In the Talvivaara startup were present three ministers of Centre Party of Finland: Minister of Environment Paula Lehtomäki 2007-2011, Minister of Trade and Industry Mauri Pekkarinen and Prime Minister Matti Vanhanen. The family of Paula Lehtomäki (mother, husband and two underaged children) acquired Talvivaara stock a few weeks before the announcement of uranium production plans. Minister Lehtomäki's husband owned €270,000 worth of Talvivaara stock. The director of the Kainuu environmental office was appointed by Minister Lehtomäki in 2007.

=== Finnish state ownership ===
Solidium is 100% Finnish state owned unit that controls 11 state owned stock companies. According to Solidium in November 2012 the state ownership in Talvivaara was 8,9 % with value of €31 million. In April 2013 state invested €47 million more. The state ownership is 16.7% with value of €60 million. Finnish state has no members in the Talvivaara board of directors.

==Financials==
Norilsk Nickel, the world's leading producer of nickel, has made a 10-year contract with Talvivaara Mining Company to purchase the latter's entire output of the nickel and cobalt production at market prices.

The company has suffered poor profitability. In November 2013, metals recovery operations were ceased, and negotiations on a €40 million public offering were terminated as inconclusive. A corporate reorganization claim was filed in the Espoo district court. The company is deeply in debt to Nyrstar, Nordea Bank, Svenska Handelsbanken, Danske Bank, Varma, Cameco, Finnvera (the official export credit agency) and a variety of equipment suppliers and other companies. Nyrstar continued to fund Talvivaara with a €20 million loan, which was strictly conditional on zinc ore deliveries. The official receiver tried to negotiate a financing method for the reorganization, and published the proposal for a company voluntary arrangement at the end of September 2014. According to the report, the mining business in Sotkamo was viable and could be made profitable. Unfortunately, the debt restructuring in the plan required a 97-99% cancellation of the debt, essentially diluting the original stock nearly out of existence, and required €100 million of new funding. However, this new funding could not be secured and Talvivaara Sotkamo filed for bankruptcy on November 6, 2014, and trading of the shares of the parent company, Talvivaara Oyj, was stopped in the Helsinki stock exchange.

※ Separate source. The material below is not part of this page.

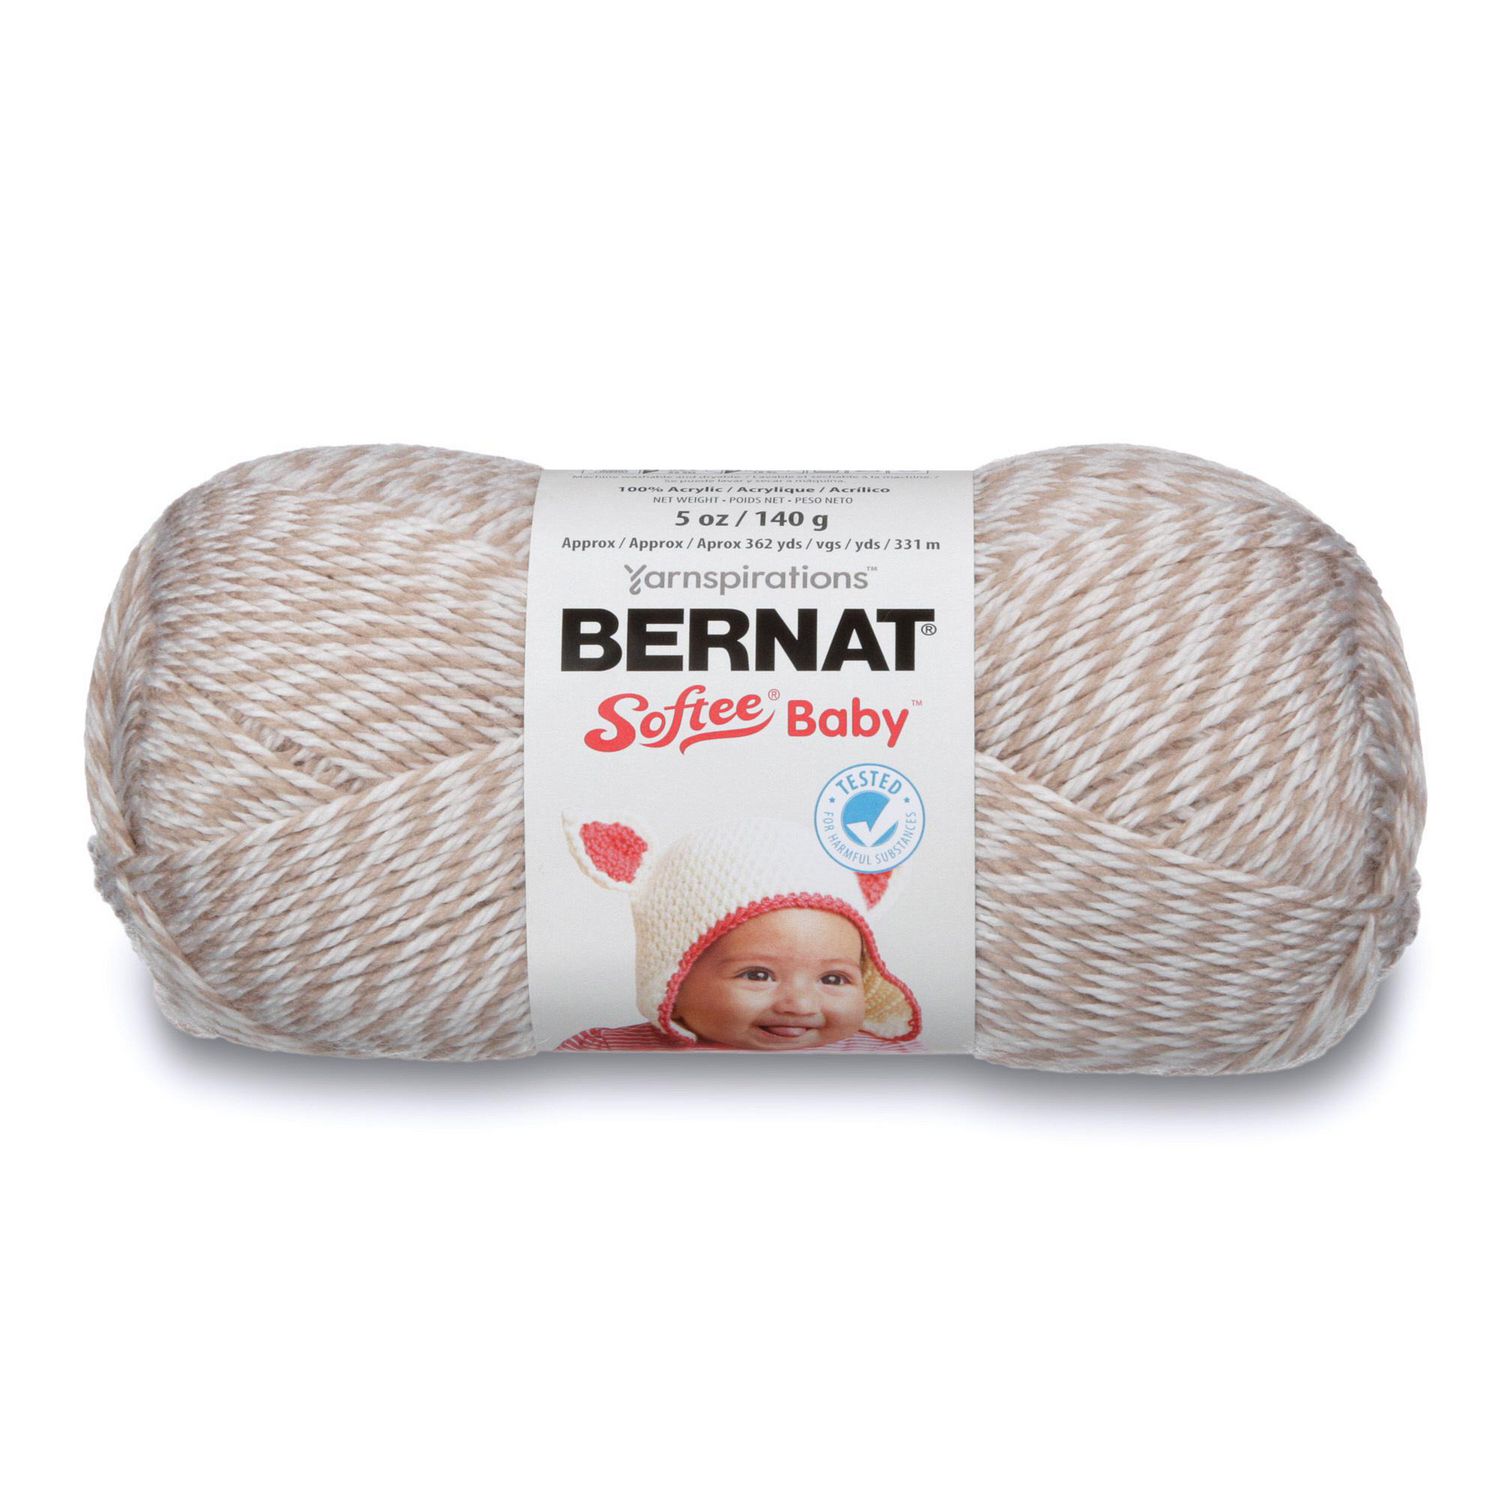 BERNAT SOFTEE BABY YARN (120G/4.25OZ), LITTLE MOUSE MARL | Walmart Canada

Authorities estimate that the cost of needed environmental measures is €100 million with present capacity. If the company does not take action, the government will, regardless of the consent of the company.

==Operations==
The Talvivaara mine, since 2015 owned and operated by Terrafame, is one of the largest nickel mines in Finland. The mine is located in Sotkamo in Eastern Finland and employs 400 people. It is an open-pit mine, 22 km from Sotkamo and 28 km from Kajaani. The mine consists of two deposits 3 km apart, Kuusilampi and Kolmisoppi, and has an annual production capacity of over 10 million tonnes of ore. The mine has reserves amounting to 1 billion tonnes of ore grading 0.22% nickel, 0.13% copper, 0.5% zinc and 0.02% cobalt thus resulting 2.2 million tonnes of nickel, 1.3 million tonnes of copper, 5 million tonnes of zinc and 0.2 million tonnes of cobalt. 90% of the nickel is deposited in black schist rock, which contains 31% sulfides, most of which consist of iron sulfide minerals. Nickel-bearing sulfide minerals pentlandite, altered pentlandite and pyrrhotite are present in low concentrations, but are accessible by bioheap leaching.

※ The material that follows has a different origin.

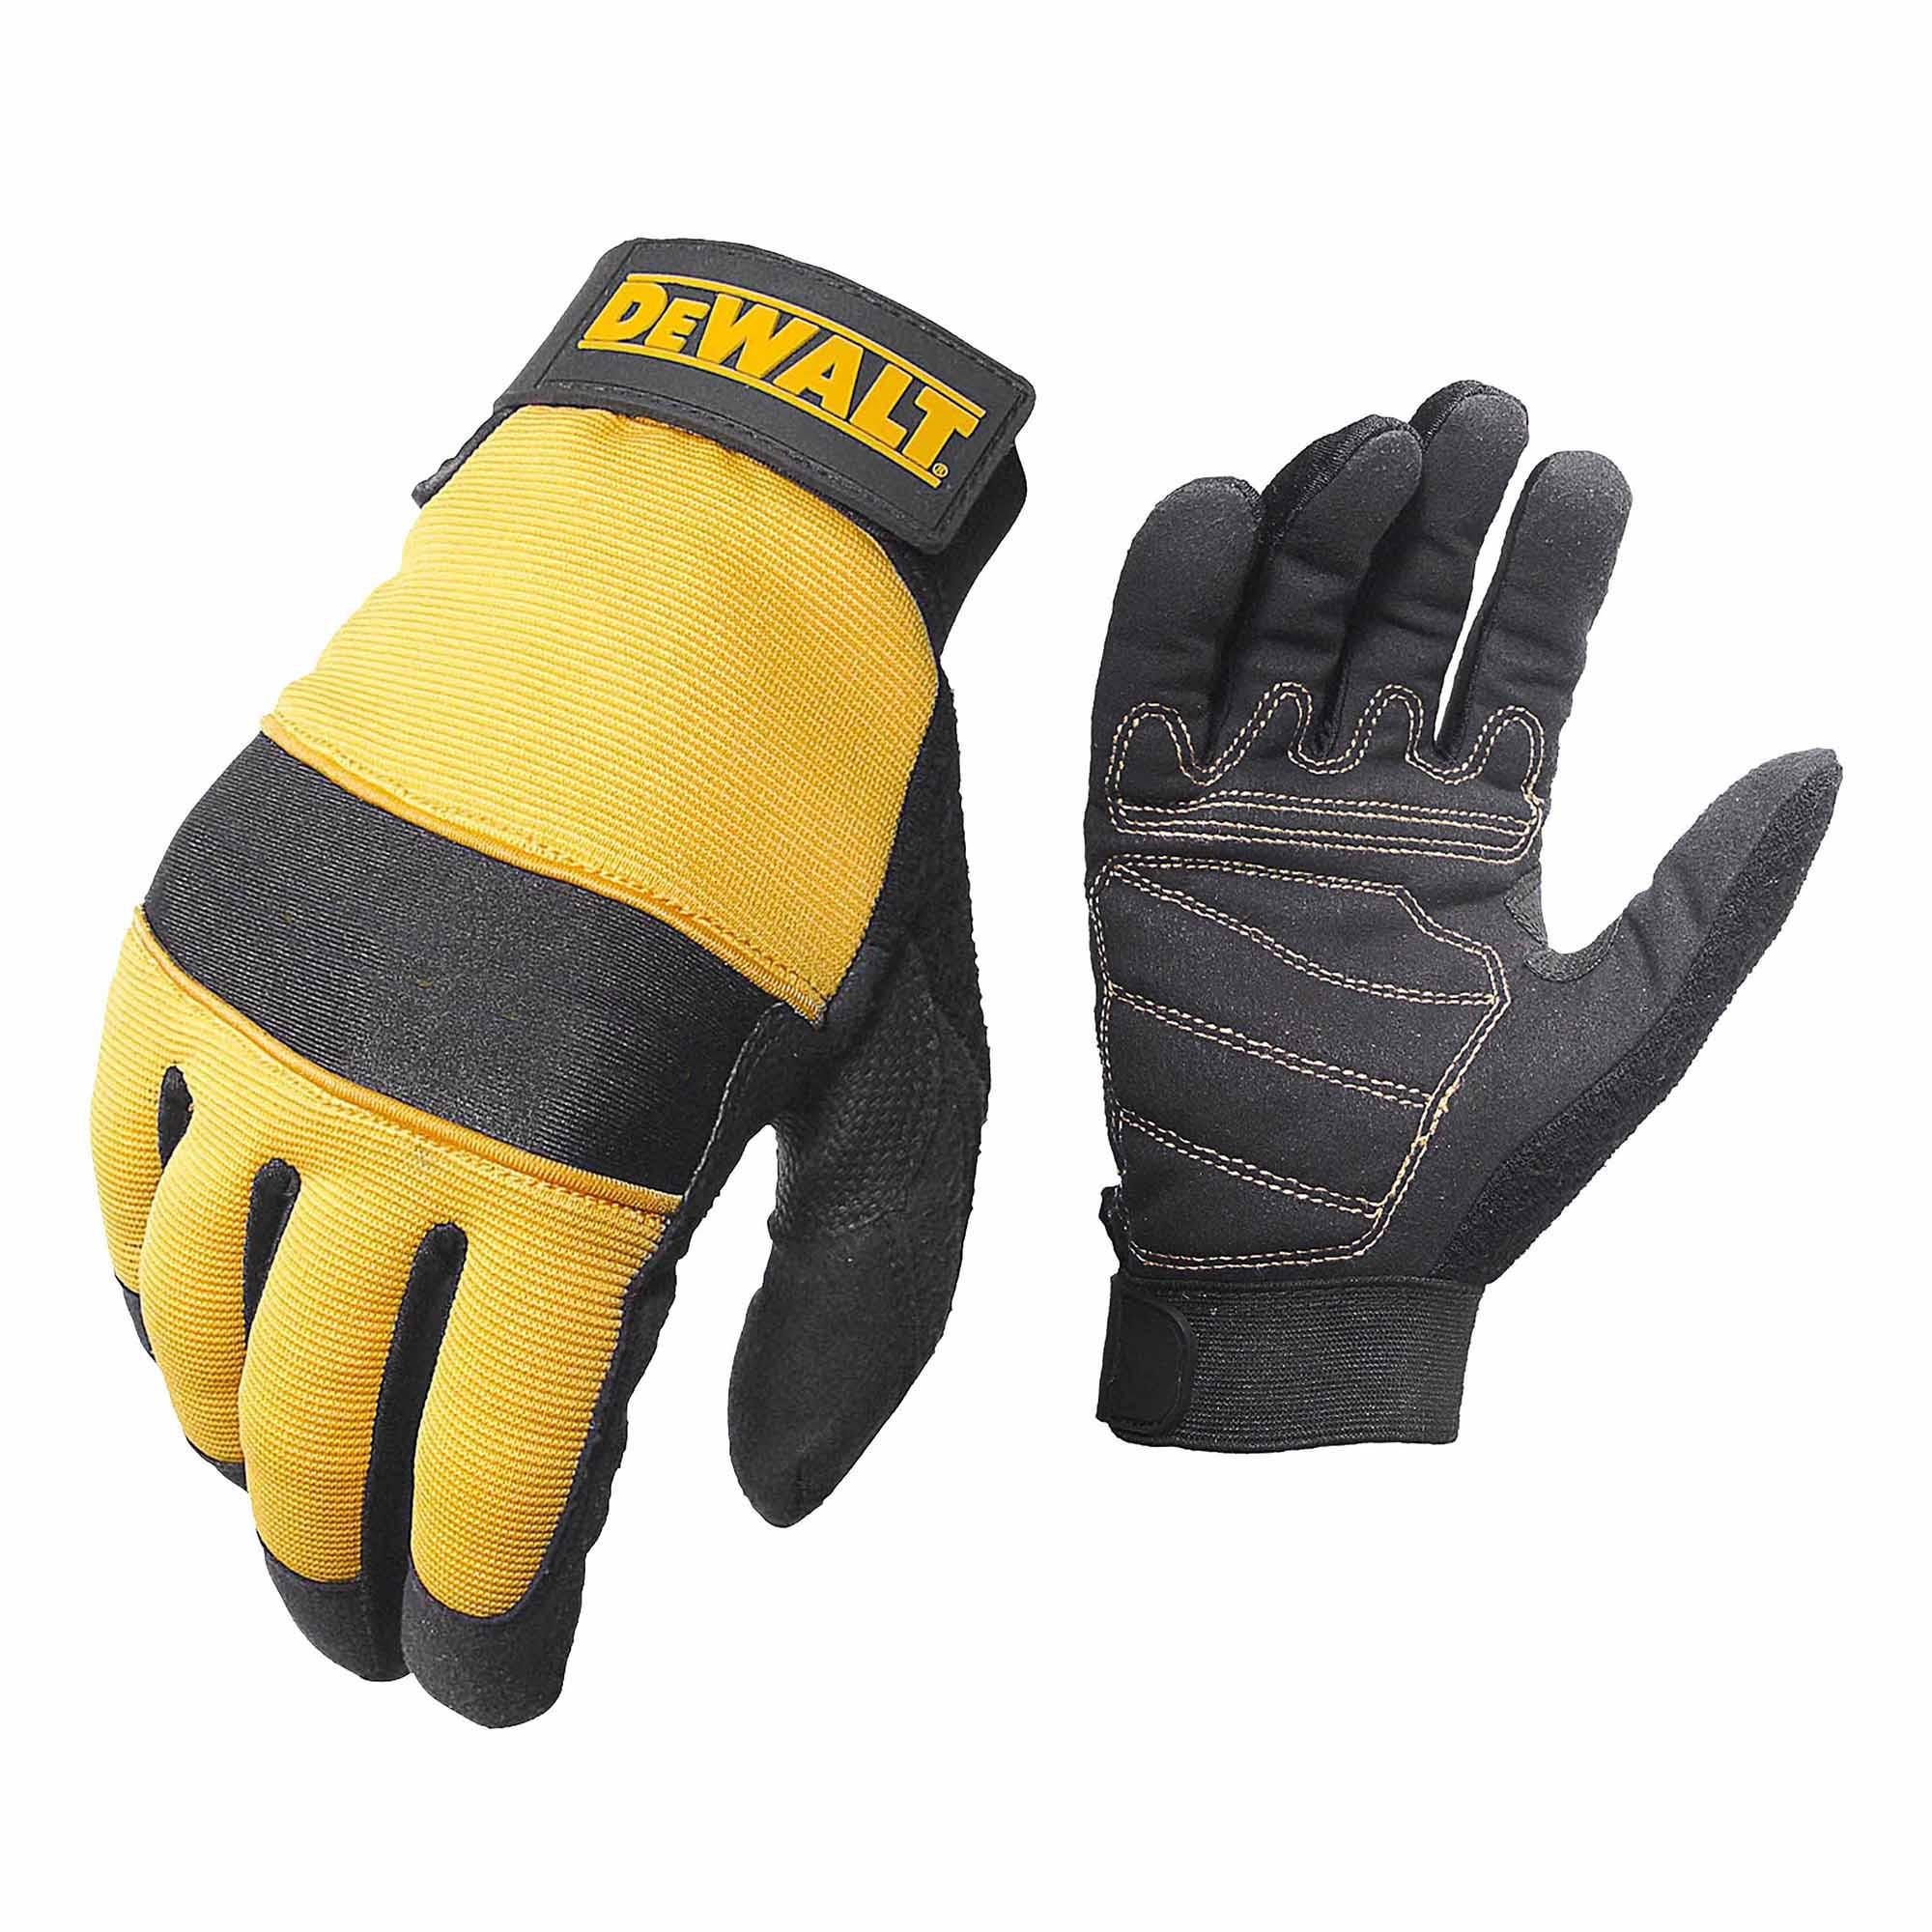 DeWALT Work Gloves Leather Palm Heavy Duty Size Large DPG41-2 Pair

The metals are extracted by bioheap leaching, a method where natural bacteria living in the rock accelerate metal leaching by oxidation. In conventional leaching, a coat of porous sulfide rock is left behind on the shrinking core of nickel in the grain. In contrast, in bioheap leaching, the oxidation of sulfides causes eventual disintegration of the porous rock, exposing more area than achievable by chemical means only. The ground ore is built into heaps 1.2 km long and 400 m wide, and a recycling irrigation system is used to keep the grains wet. The heat produced by the bacterial oxidation keeps the heap warm throughout the year. Extraction is done twice in primary and secondary heaps. In a pilot heap, over 90% of nickel and 80% of zinc was recovered within 500 days of leaching. Cobalt and copper recoveries were lower, 14% and 2%, respectively. The resulting green-colored solution is then refined to the metals. Treatment with hydrogen sulfide precipitates copper sulfide, then zinc sulfide and finally nickel-cobalt sulfide.

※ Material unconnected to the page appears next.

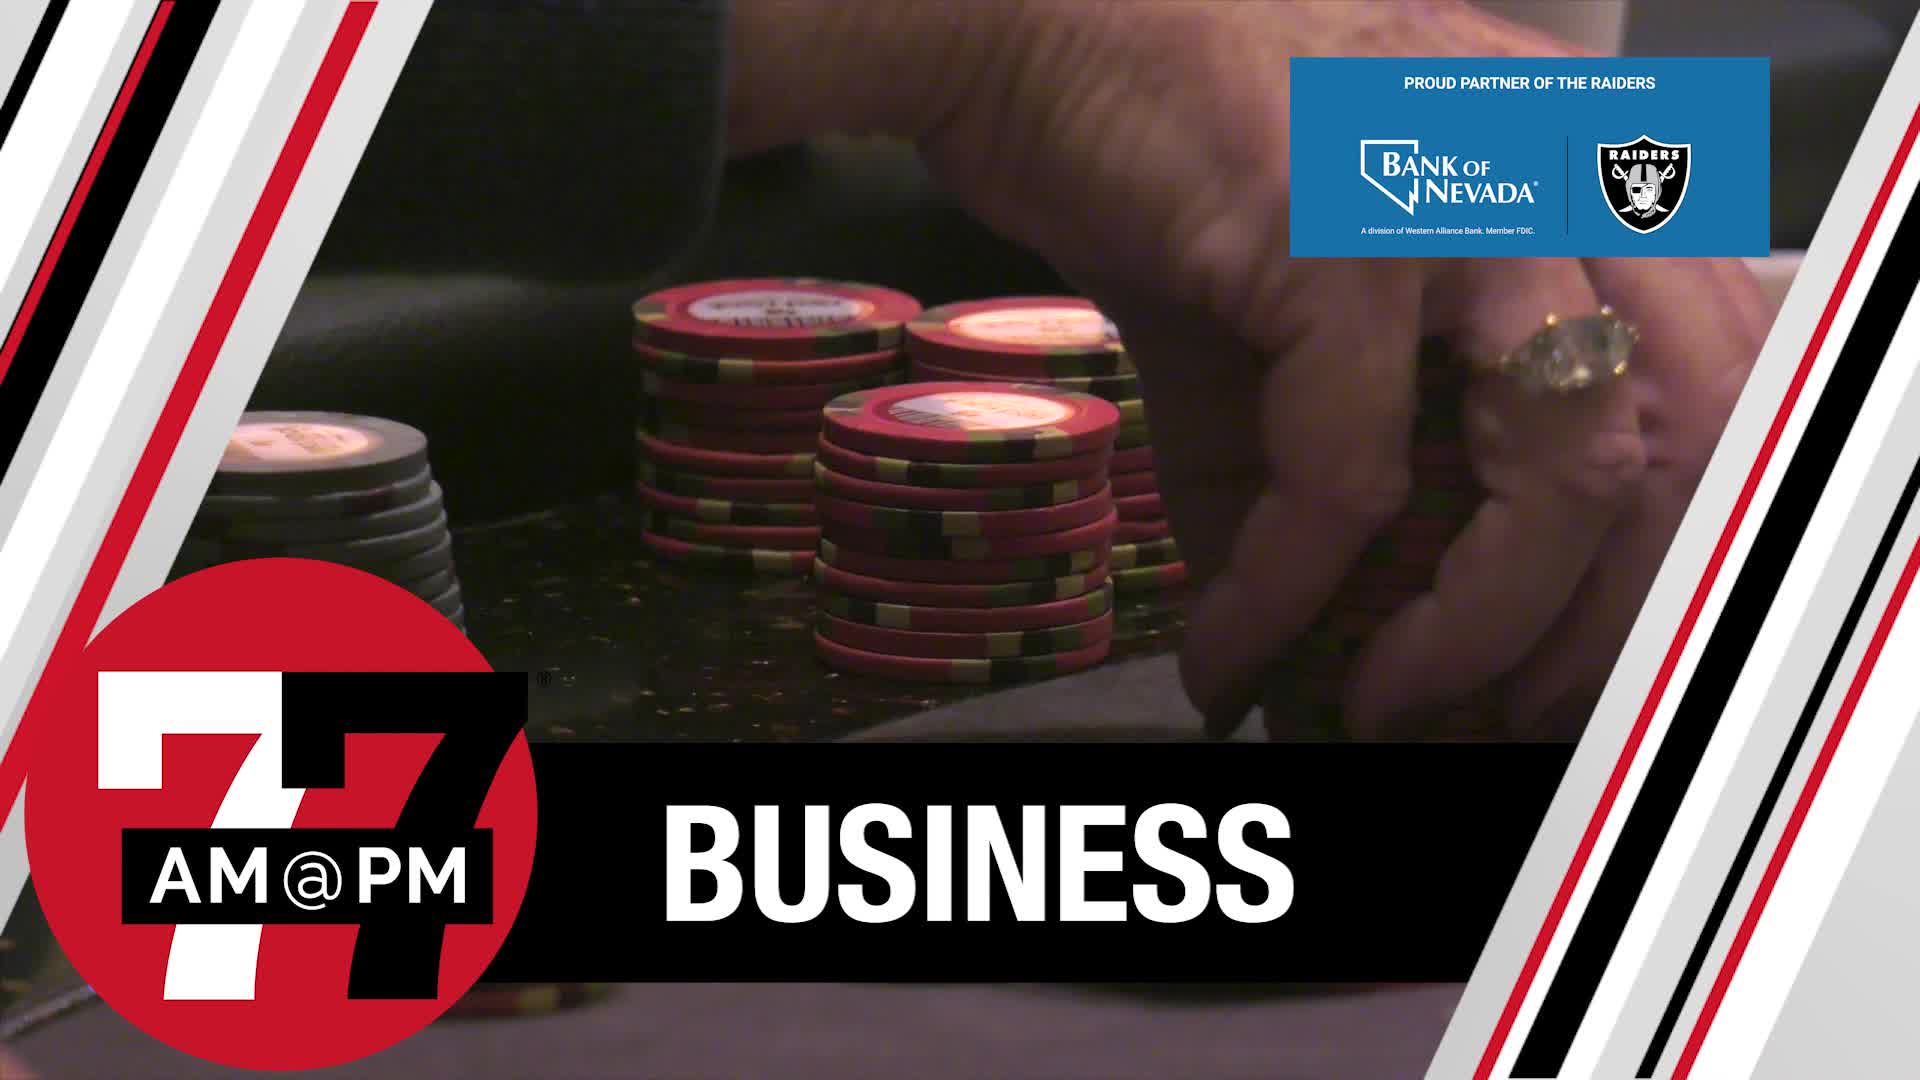 Canadian Gambler files suit over jackpot

In 2011 Cameco signed an agreement with Talvivaara, where Cameco would pay US$60 million to construct a uranium extraction circuit at the mine in Sotkamo. Talvivaara would then pay back the initial construction costs in the form of uranium concentrate; once the initial costs are paid Cameco would continue to purchase the uranium concentrate at a pricing formula based on market price on the day of delivery.

A railway track was built in order to transport the nickel-cobalt concentrate to a Norilsk Nickel smeltery in Harjavalta, Finland.

== Regulation ==
Based on stock exchange regulations according to the Courts of appeal in Finland Pekka Perä gave misleading information about Talvivaara mining production volume in 2012 and 2013. He was fined 240 euros by Courts of appeal in Finland in March 2019. Ahtium Oy (ex Talvivaara Kaivososakeyhtiö) was fined 20 000 euros.

==Environmental impacts==

Prosecutors were considering a case against Talvivaara Mining in January 2014. Talvivaara had received seven penalty payments on waste water management in June 2014. None of the penalty payments had been convicted to charge yet. In addition to small lakes located nearby the mine, the waste waters have affected many larger and farther away lakes too, i.e. Lake Kivijärvi, Lake Jormasjärvi and Lake Nuasjärvi.

=== Sulfate emissions ===
The operation has caused controversy because of its environmental impacts. Sulfate concentration in the effluent (8000 mg/m^{3}) has exceeded the permitted levels (130 mg/m^{3}), causing severe pollution in the water course.
Insufficient mixing caused the formation of an artificial halocline in a lake where effluent was discharged, which led to the lake bottom becoming anoxic. Reduction of sulfate into hydrogen sulfide by bacteria caused odour problems. Also, dust emissions were reported, but the prosecutor declined to press charges after a police investigation was completed.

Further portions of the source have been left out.